- **What needs to be done**: For this exercise, repeat the whole listing below exactly. Leave the pictures out.

- **Dataset extract**:
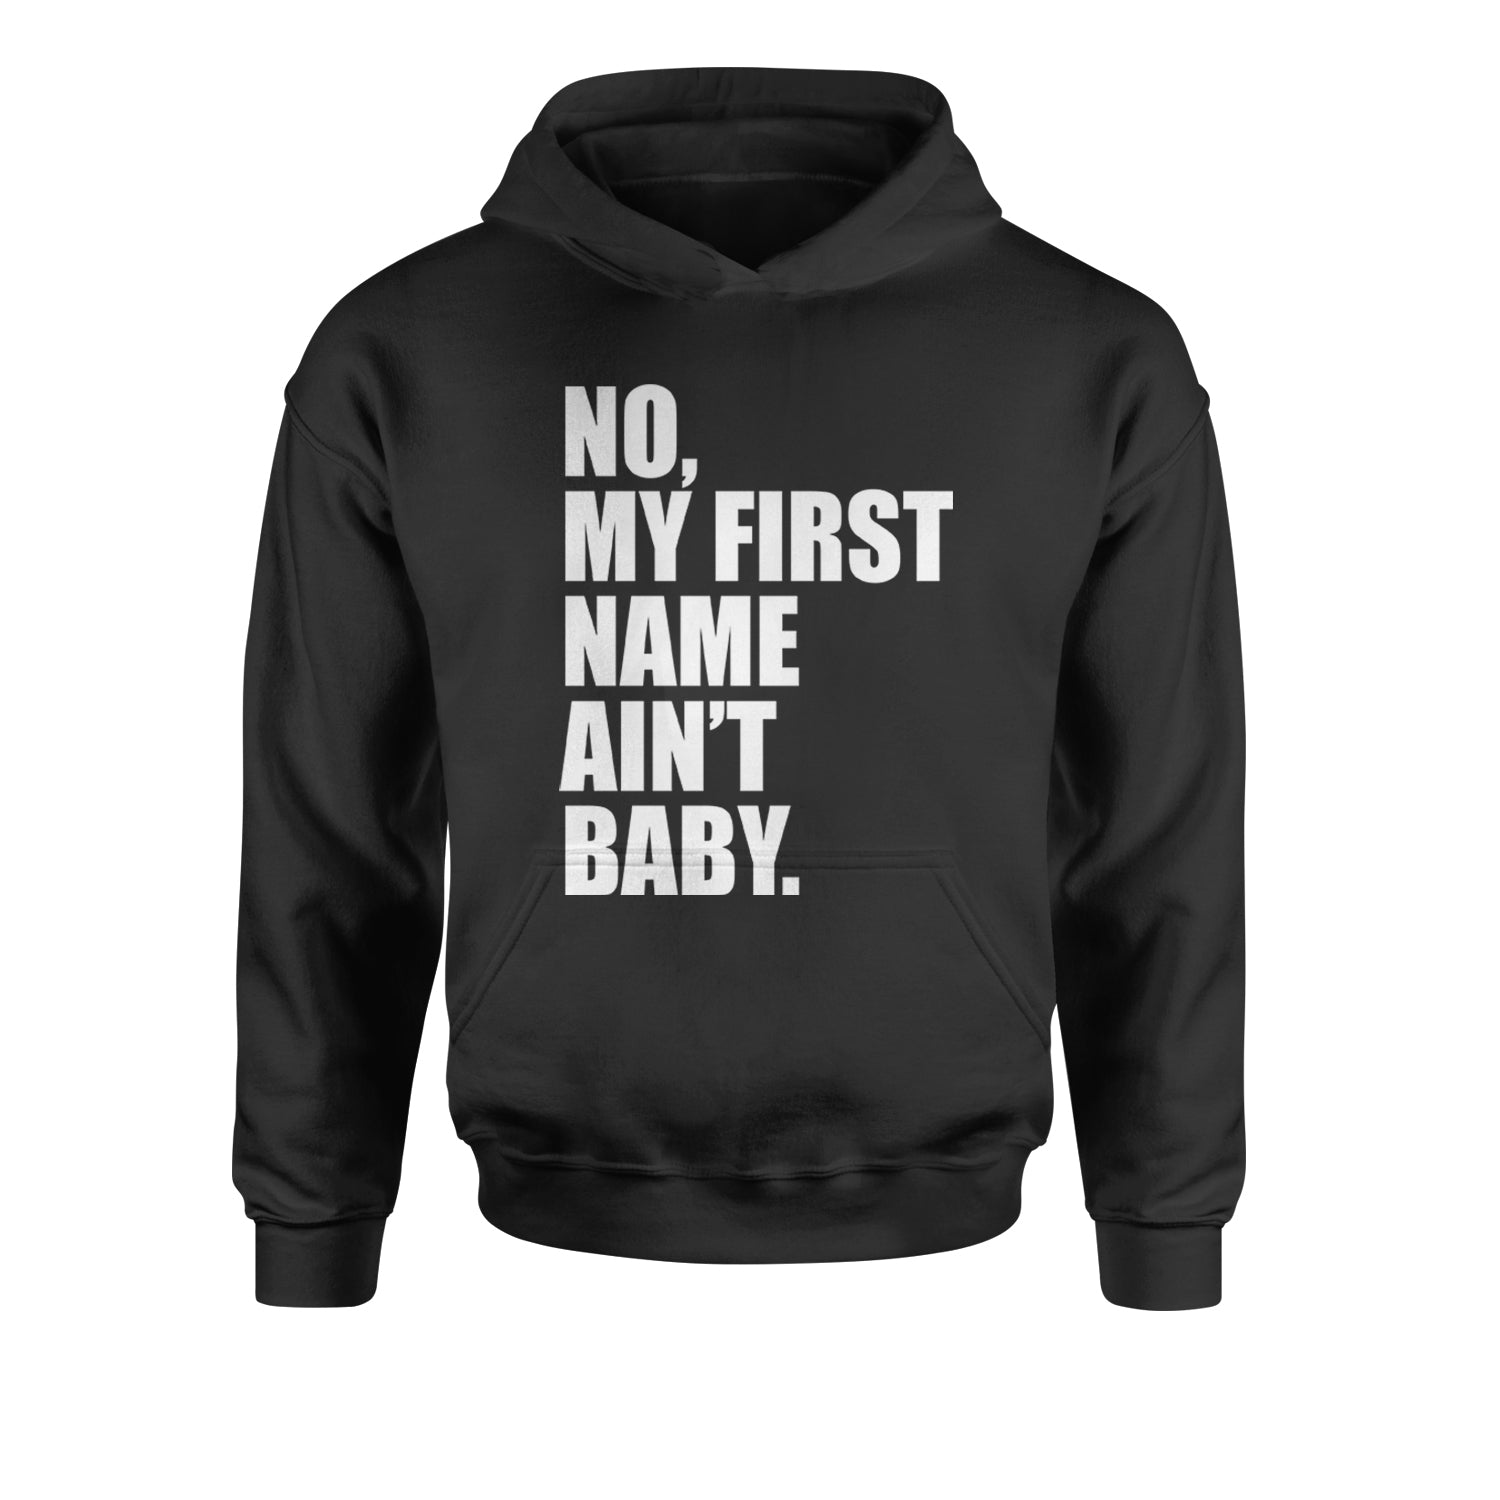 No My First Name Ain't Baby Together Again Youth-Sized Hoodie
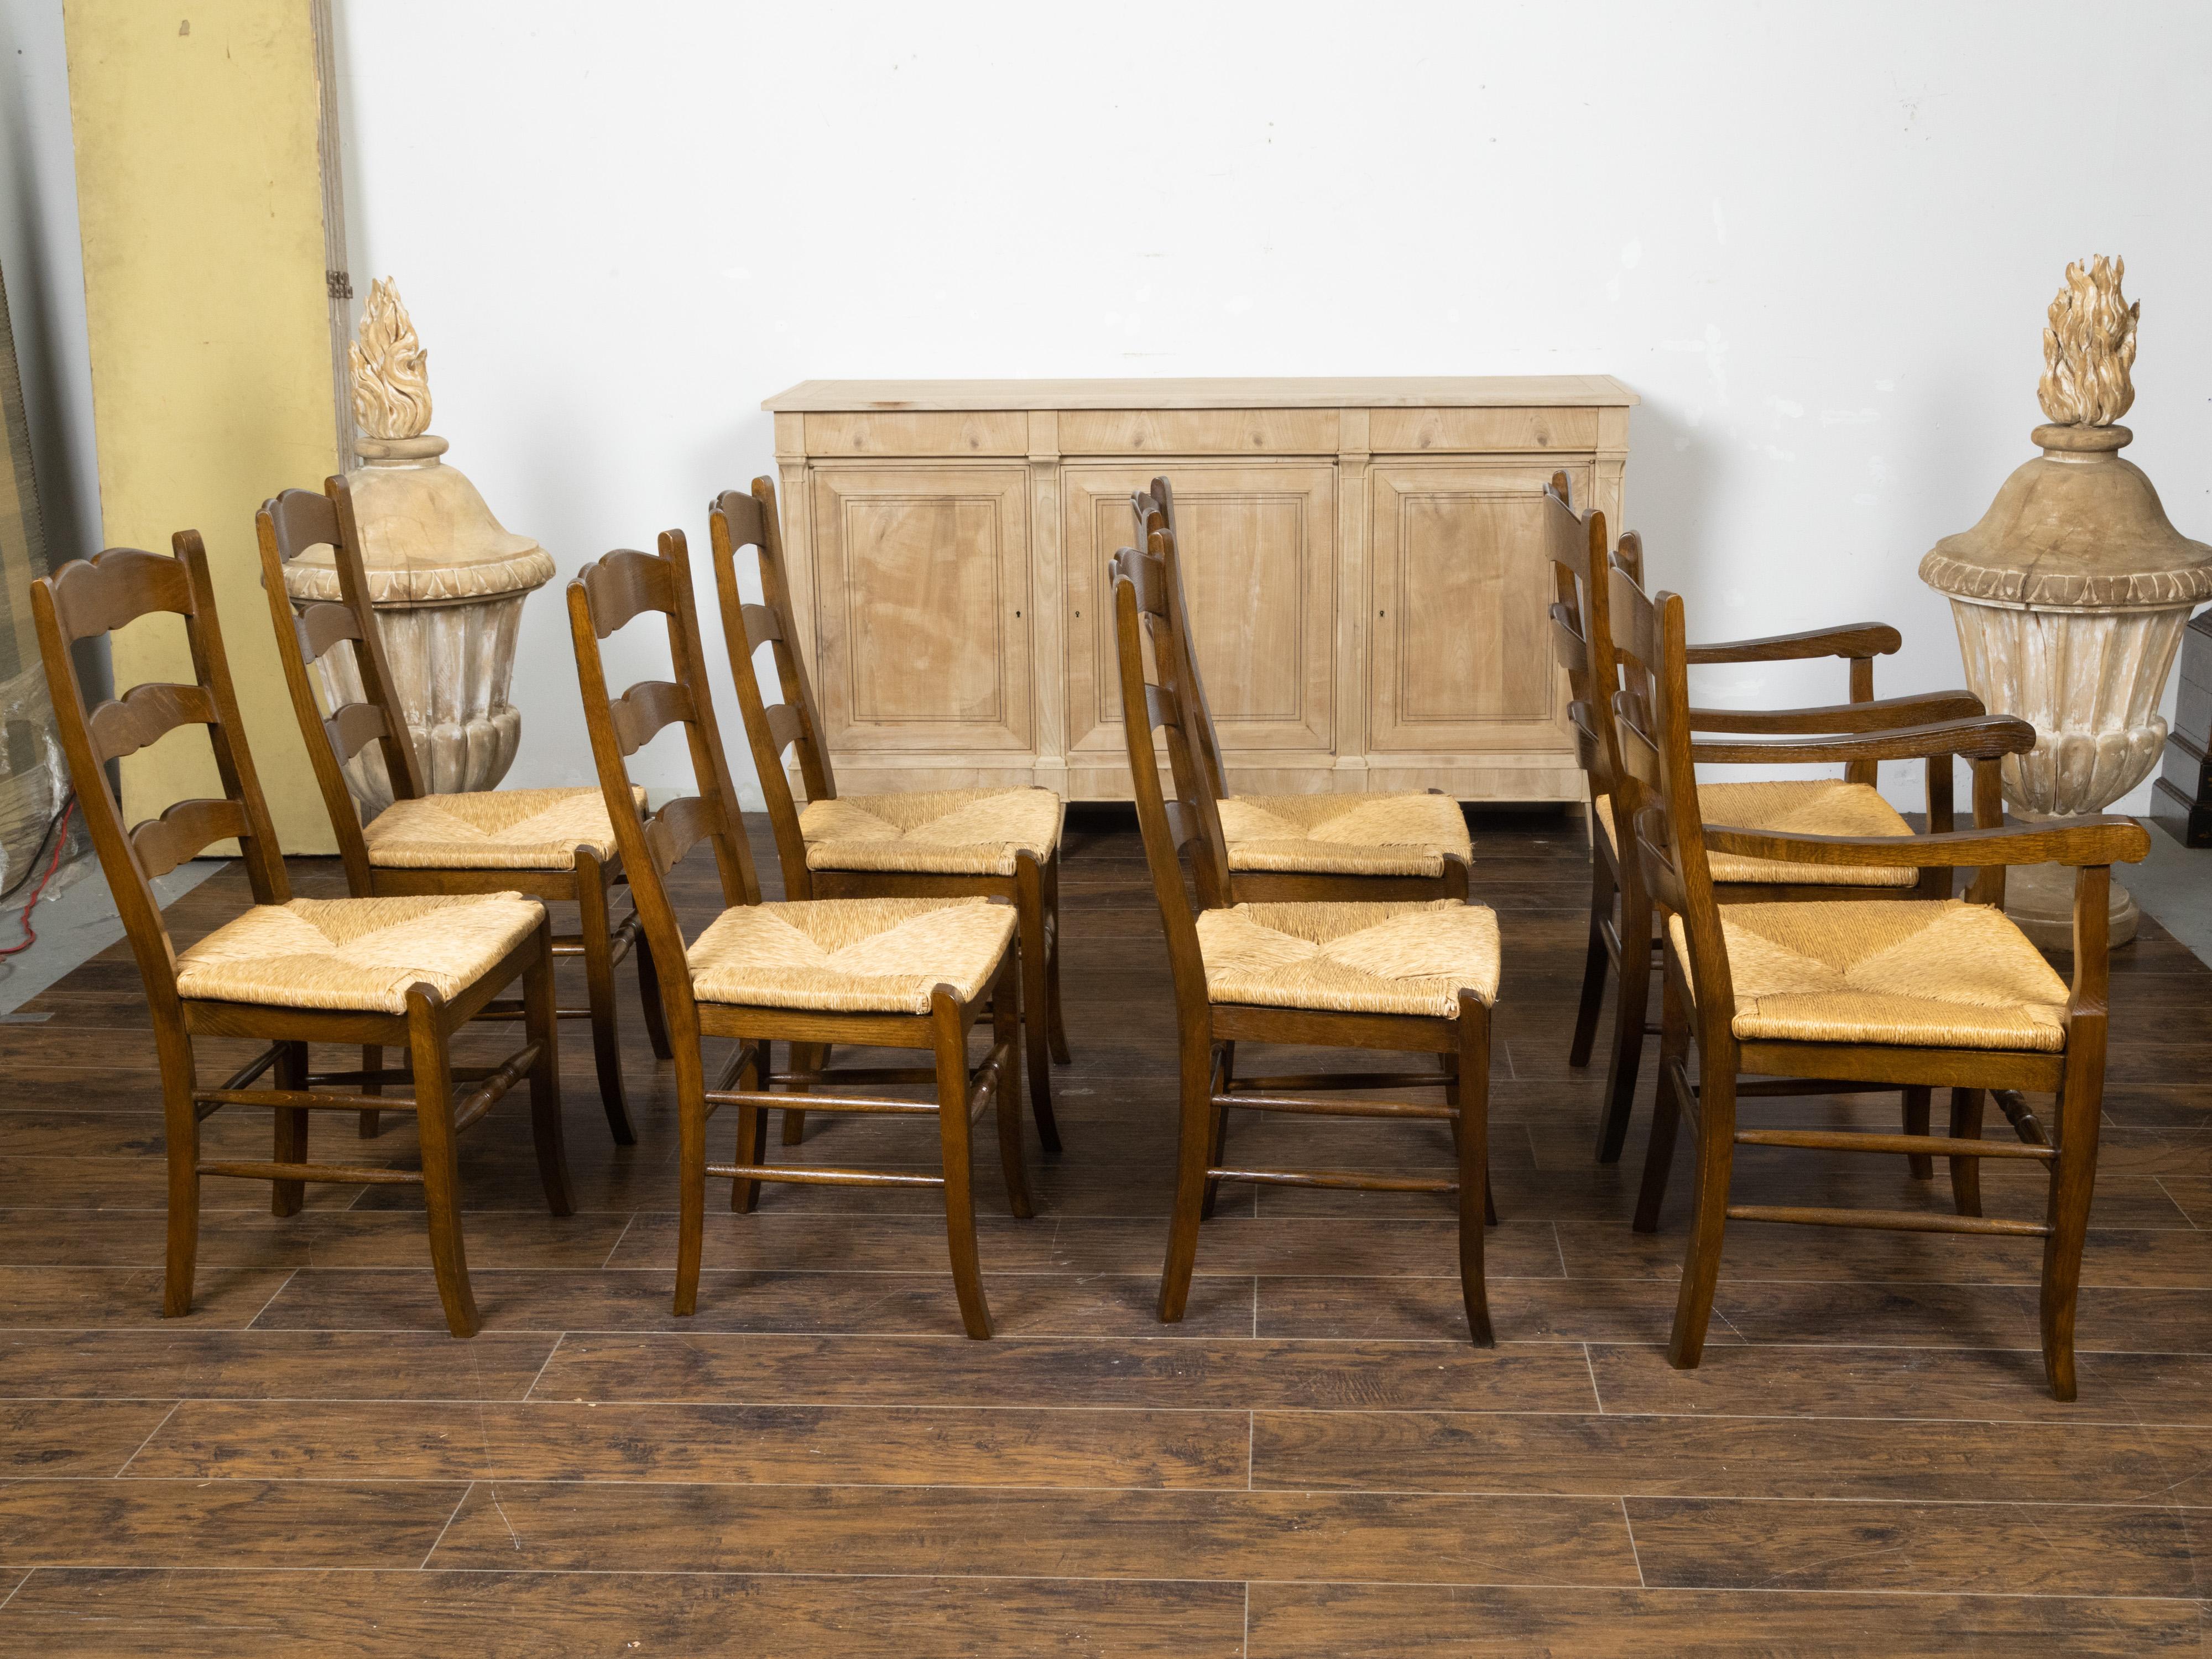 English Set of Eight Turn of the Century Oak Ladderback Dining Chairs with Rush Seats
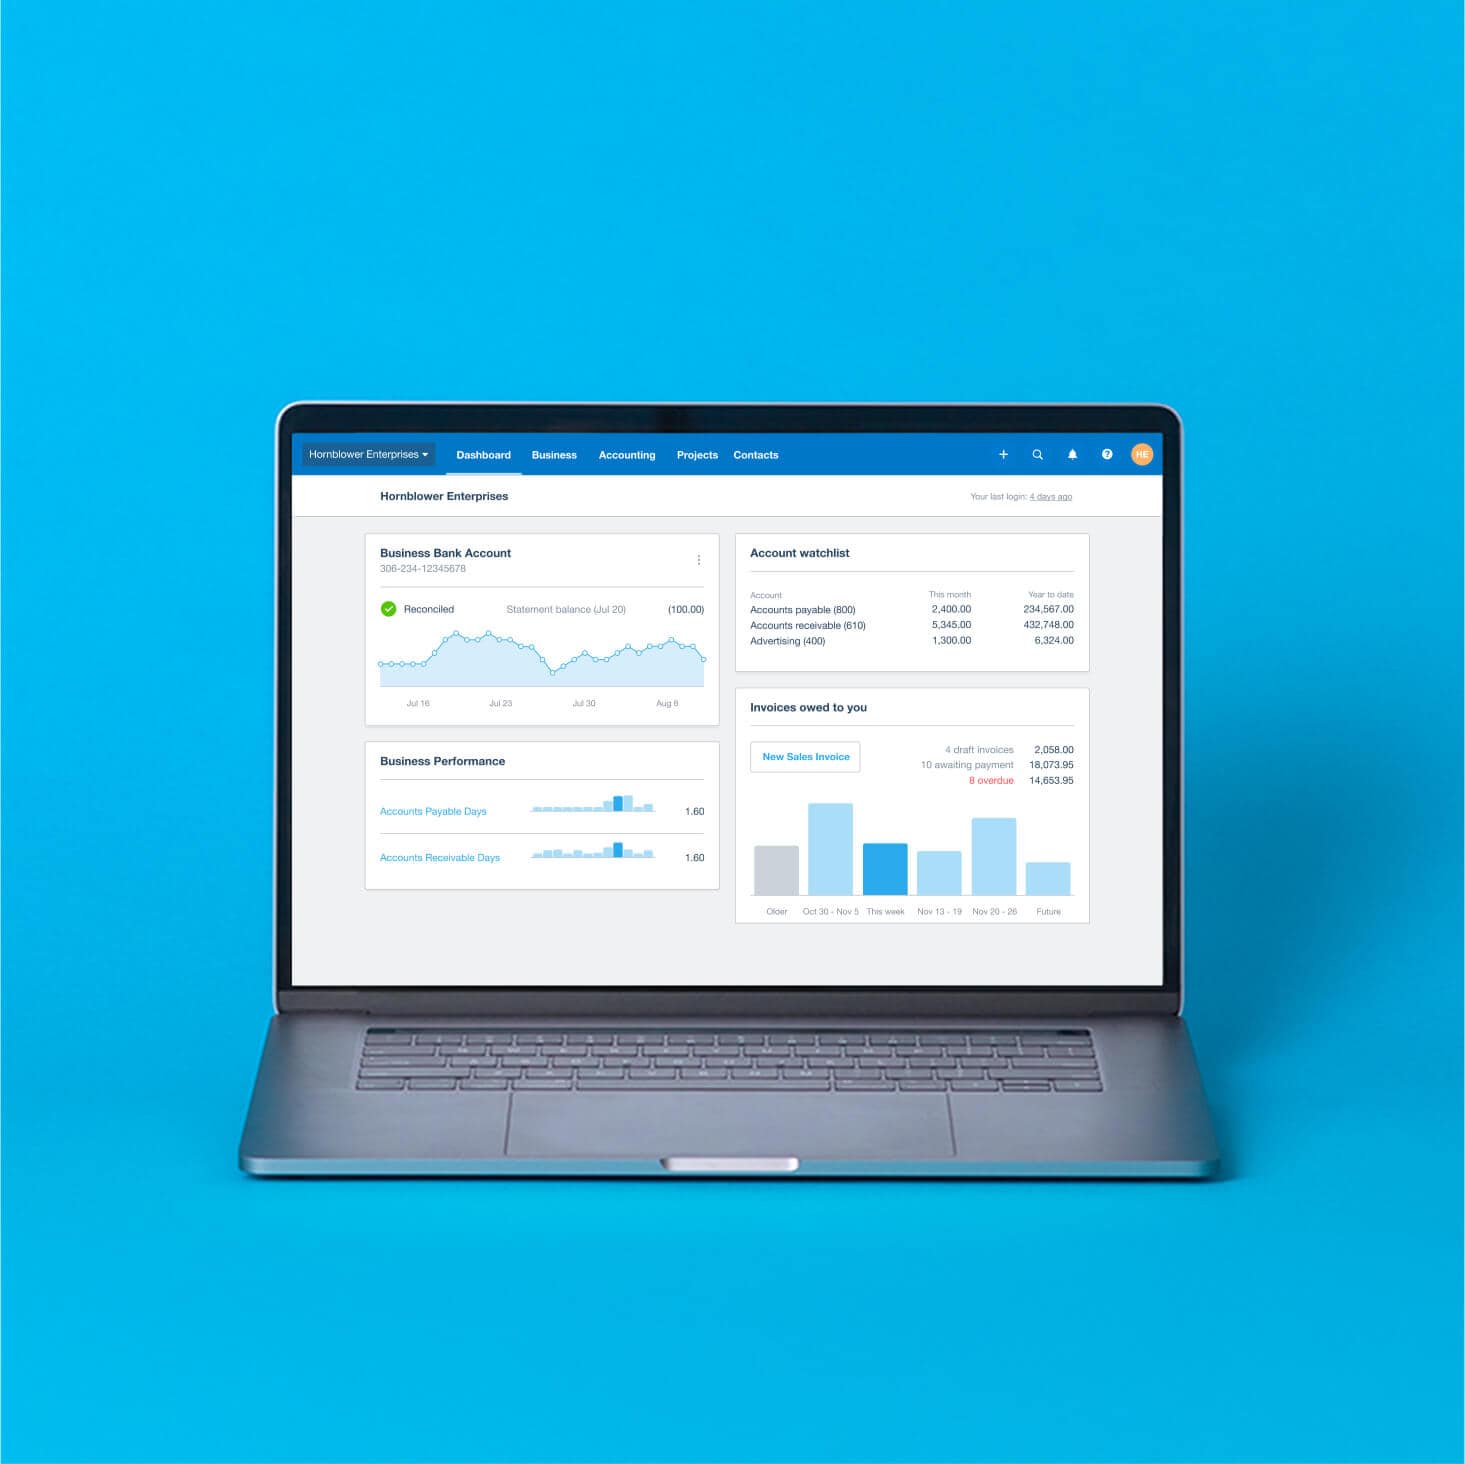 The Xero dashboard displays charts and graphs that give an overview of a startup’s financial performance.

- **Completed task**:
 No My First Name Ain't Baby Together Again Youth-Sized Hoodie
 English Set of Eight Turn of the Century Oak Ladderback Dining Chairs with Rush Seats
 The Xero dashboard displays charts and graphs that give an overview of a startup’s financial performance.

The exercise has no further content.